PCR, polymerase chain reaction.
It would be recommendable that susceptibility tests (culture or PCR) are routinely performed, even before prescribing first-line treatment, in specialized centers with interest in H. pylori management, with the intention to evaluate the prevalence of antibiotic resistance in the treatment of naïve patients and the influence of such resistances on the efficacy of up-to-date first-line eradication treatments. Furthermore, it would also seem recommendable that susceptibility tests are routinely performed in some specialized centers after H. pylori eradication failures, to evaluate the development of resistances in this setting and to assess how they may reduce the effectiveness of rescue regimens.
However, the evidence is too limited to support the generalized use of susceptibility-guided therapy for H. pylori treatment in routine clinical practice, either as first-line or as rescue treatment. In particular, it seems that despite the use of susceptibility-guided combinations of drugs, rescue treatments are frequently unsuccessful, indicating that other factors different from in vitro antibiotic susceptibility influence eradication rates.
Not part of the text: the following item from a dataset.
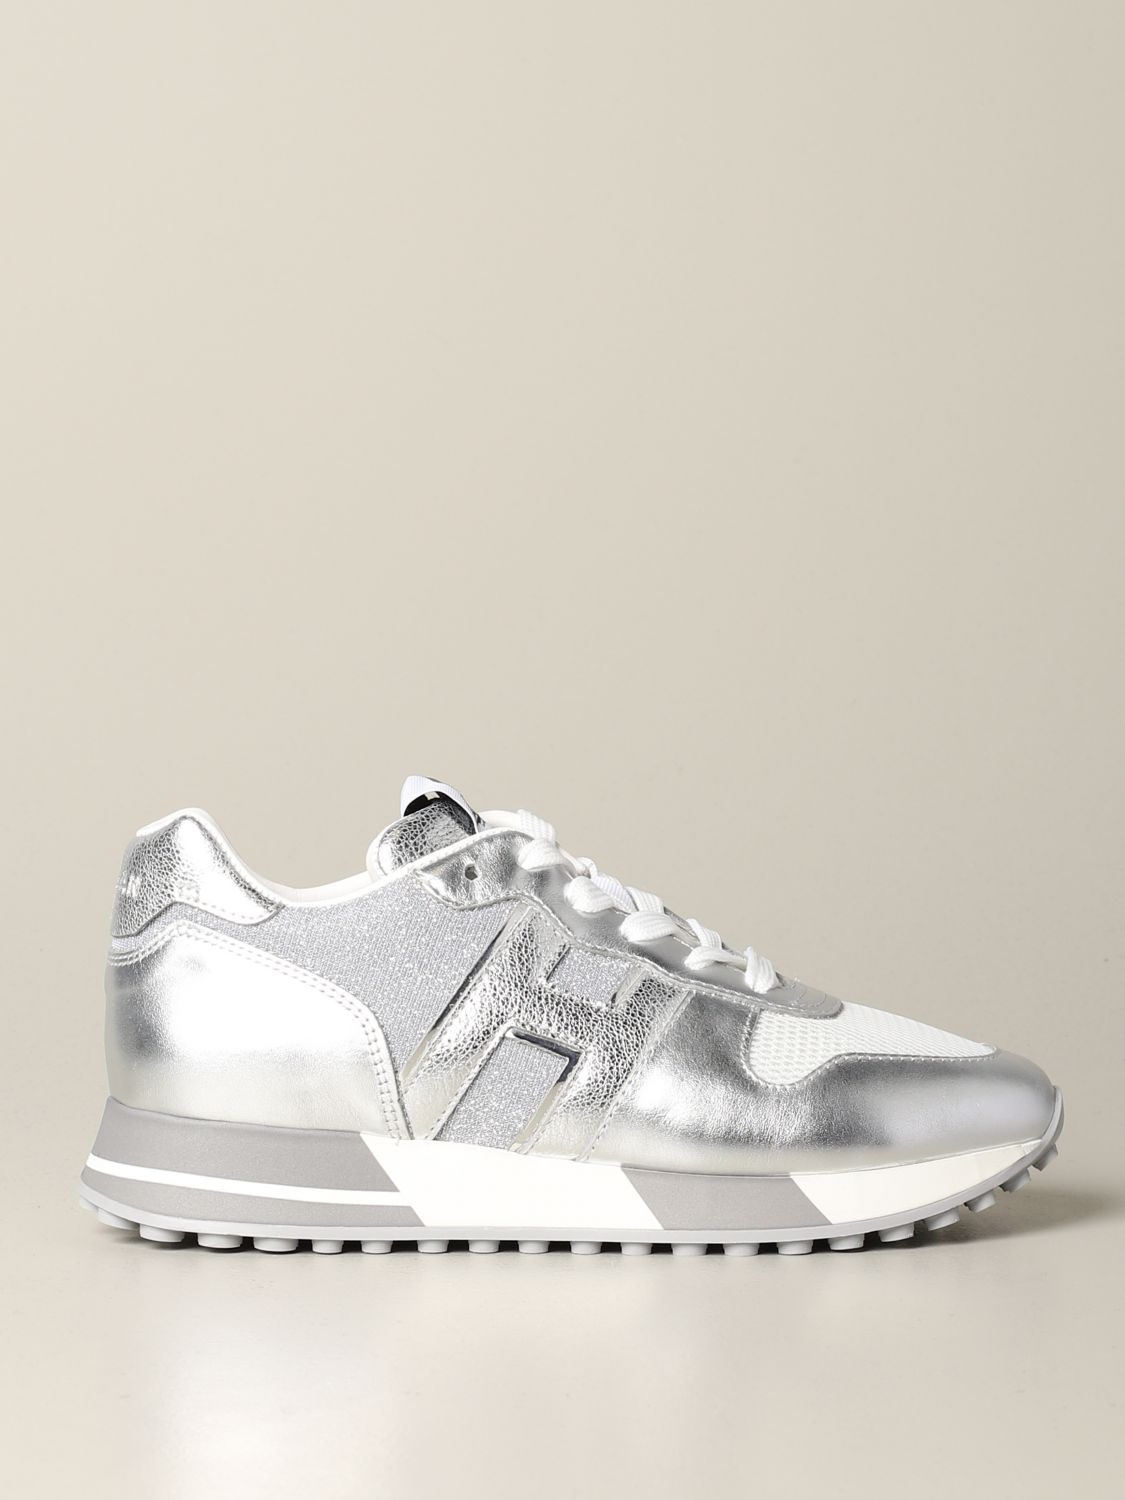 Hogan running sneakers in laminated leather and mesh | Sneakers Hogan Women  Silver | Sneakers Hogan HXW3830CR00 NCH Giglio EN

Practical, economical, and logistical issues should be evaluated and addressed according to the target population and the clinical situation prior to the application of susceptibility-guided H. pylori therapy. In the future, stool sample-based molecular approach for detecting H. pylori antimicrobial resistance might enable more convenient, less invasive methods that facilitate the applicability of susceptibility-guided treatment.
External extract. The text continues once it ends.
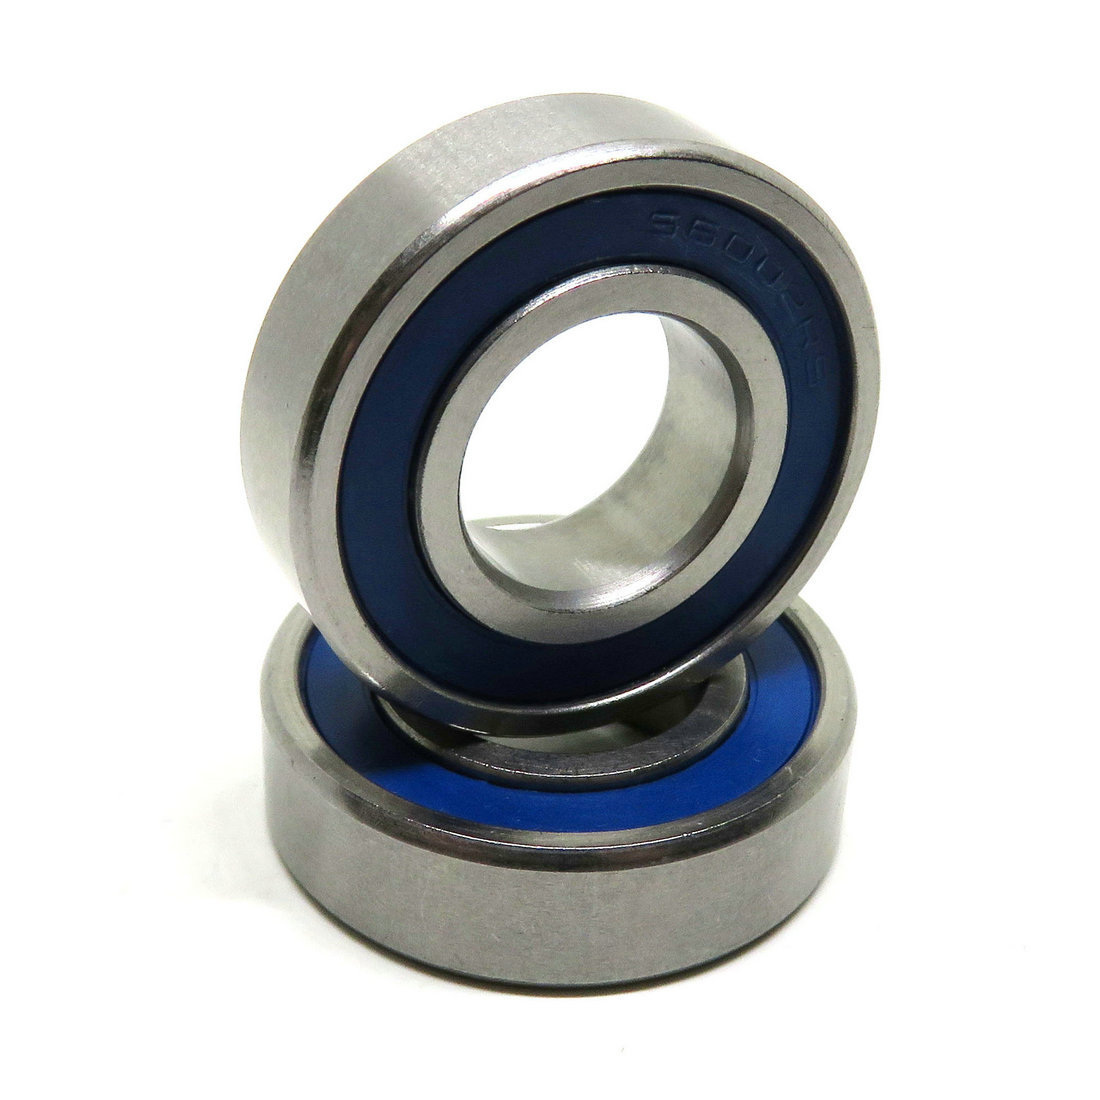 SS6005-2RS Stainless Steel Ball Bearing 25x47x12 S6005-2RS AISI 440C Radial Bearing Resistant to Corrosion and High Temperatures

What is undoubted is that we always must prescribe the most effective first-line H. pylori eradication treatments (that is those regimens that have demonstrated to achieve cure rates ⩾90% in our setting) and that the rescue treatment should be carefully chosen depending on which treatment was used initially. The results (H. pylori cure rates) of our clinical practice should be continuously audited to confirm that we always maintain a high success rate.